At the Obereck is the third highest mountain of the Central Black Forest after the Kandel and the Weißtannenhöhe. The three mountains also lie within the area designated as the High Black Forest.

== Location ==
The Obereck lies in the east of the municipality of Simonswald above the village of Hintergriesbach. Its rounded summit or kuppe lies on a ridge that is especially sharp in the area of the Schultiskopf, and which runs away from the main chain between the Rohrhardsberg and Brend descending westwards into the valley of the Wild Gutach (Simonswälder Tal) some 700 metres lower down. It is bounded by the valleys of the tributary streams, the Griesbach to the south and the Haslachsimonswälder Bach to the north (Kostgfäll Gorge).

== Geology ==
Like most other mountains of the Central Black Forest, the Obereck is made from gneisses.

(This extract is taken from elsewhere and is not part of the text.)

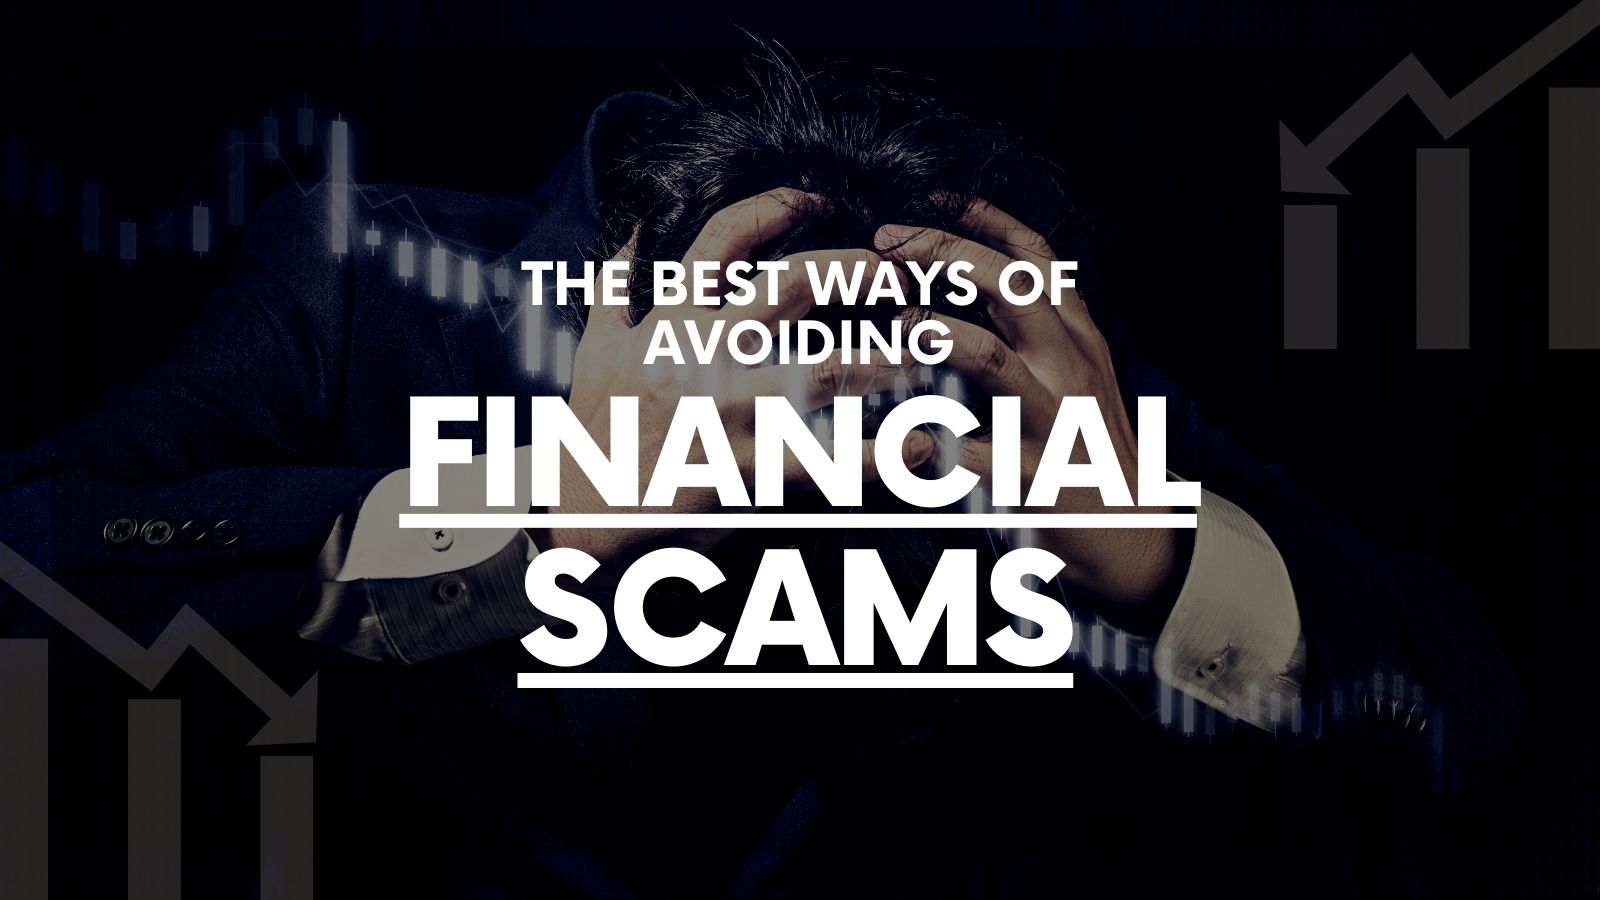 What are the ways of avoiding financial scams

The original bunter sandstone platform was eroded away during the course of the ice ages. Traces of ice age glaciation, especially cirque-like landforms and moraines, are clearly visible on the northern slopes.

== Vegetation ==
The original mixed forest stands have been largely replaced by spruce as a result of intensive forestry.

== Tourism ==
The Obereck is accessible on several trails, especially through the rocky, demanding climb up the arete, but is not easily linked with the nearby Kostgfäll Gorge. It is not very well known. Its heavy forestation means that the summit does not have good views and neither are there good facilities for skiers (a few pistes but no lifts). There is accommodation in the surrounding villages within Simonswald.